A oficina representou mais uma etapa da construção do programa, avançando na consolidação dos marcos conceituais para a definição de sua estrutura técnica, metodológica e institucional.

A iniciativa parte do reconhecimento de que a mudança do clima já produz impactos concretos sobre os territórios rurais do país, afetando de forma mais intensa agricultores familiares, povos indígenas, povos e comunidades tradicionais e populações do campo, das águas e das florestas. Eventos extremos, secas prolongadas, insegurança hídrica e perda de biodiversidade têm comprometido sistemas produtivos, meios de vida e a segurança alimentar dessas populações, reforçando a necessidade de políticas públicas voltadas à adaptação climática e ao fortalecimento da resiliência territorial.

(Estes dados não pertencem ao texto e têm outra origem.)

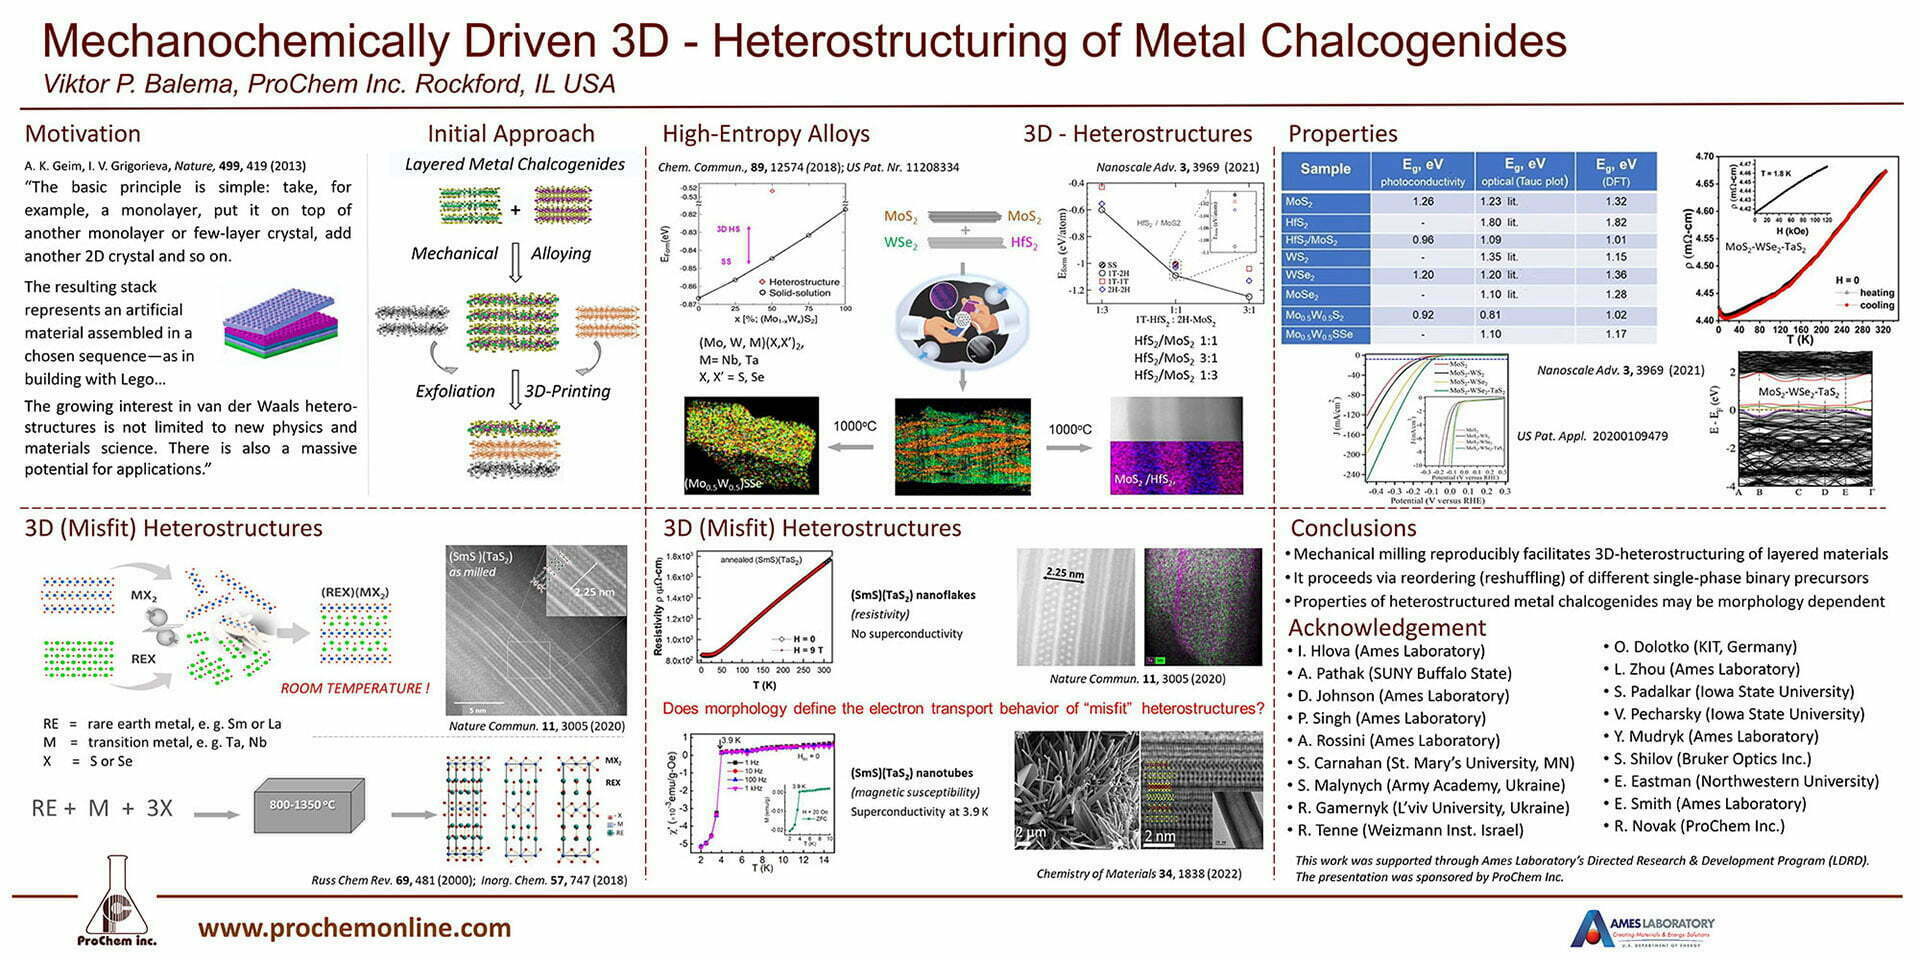 ProChem’s CTO presents Mechanochemically Driven 3D Heterostructuring of Metal Chalcogenides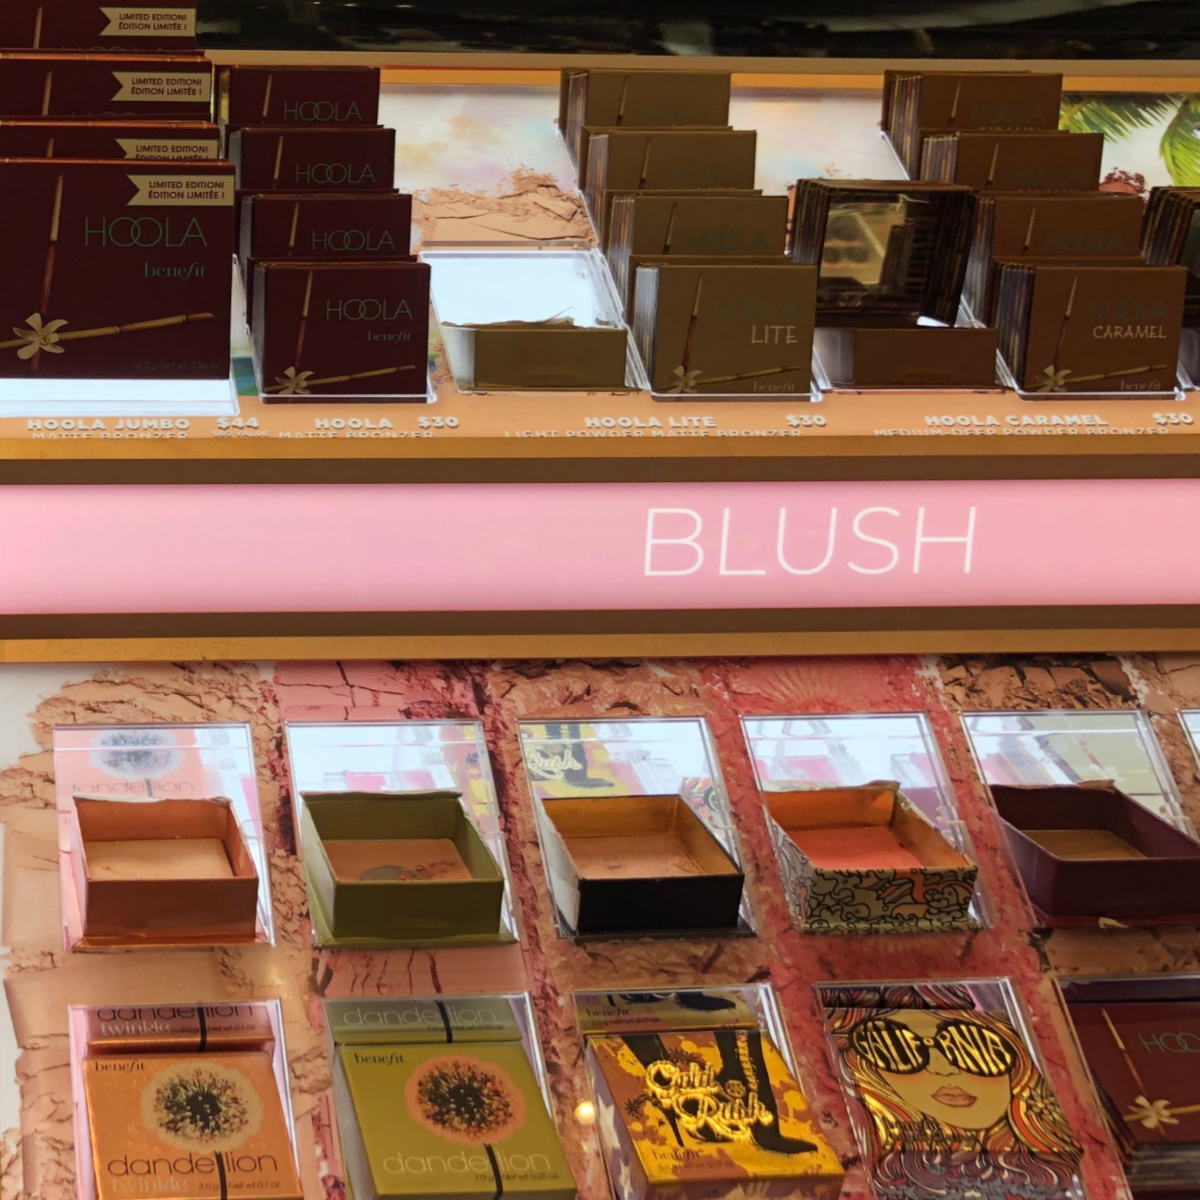 blush aisle sephora benefit cosmetics makeup aisle products store

Nesse contexto, a agroecologia constitui o eixo estruturante do Programa, articulando conhecimentos científicos, saberes tradicionais e práticas sustentáveis capazes de promover a conservação da biodiversidade, o manejo sustentável dos recursos naturais e o fortalecimento dos sistemas alimentares locais. A proposta busca construir estratégias formativas conectadas às realidades dos territórios e às experiências já desenvolvidas pelas populações rurais na convivência com os desafios ambientais e climáticos.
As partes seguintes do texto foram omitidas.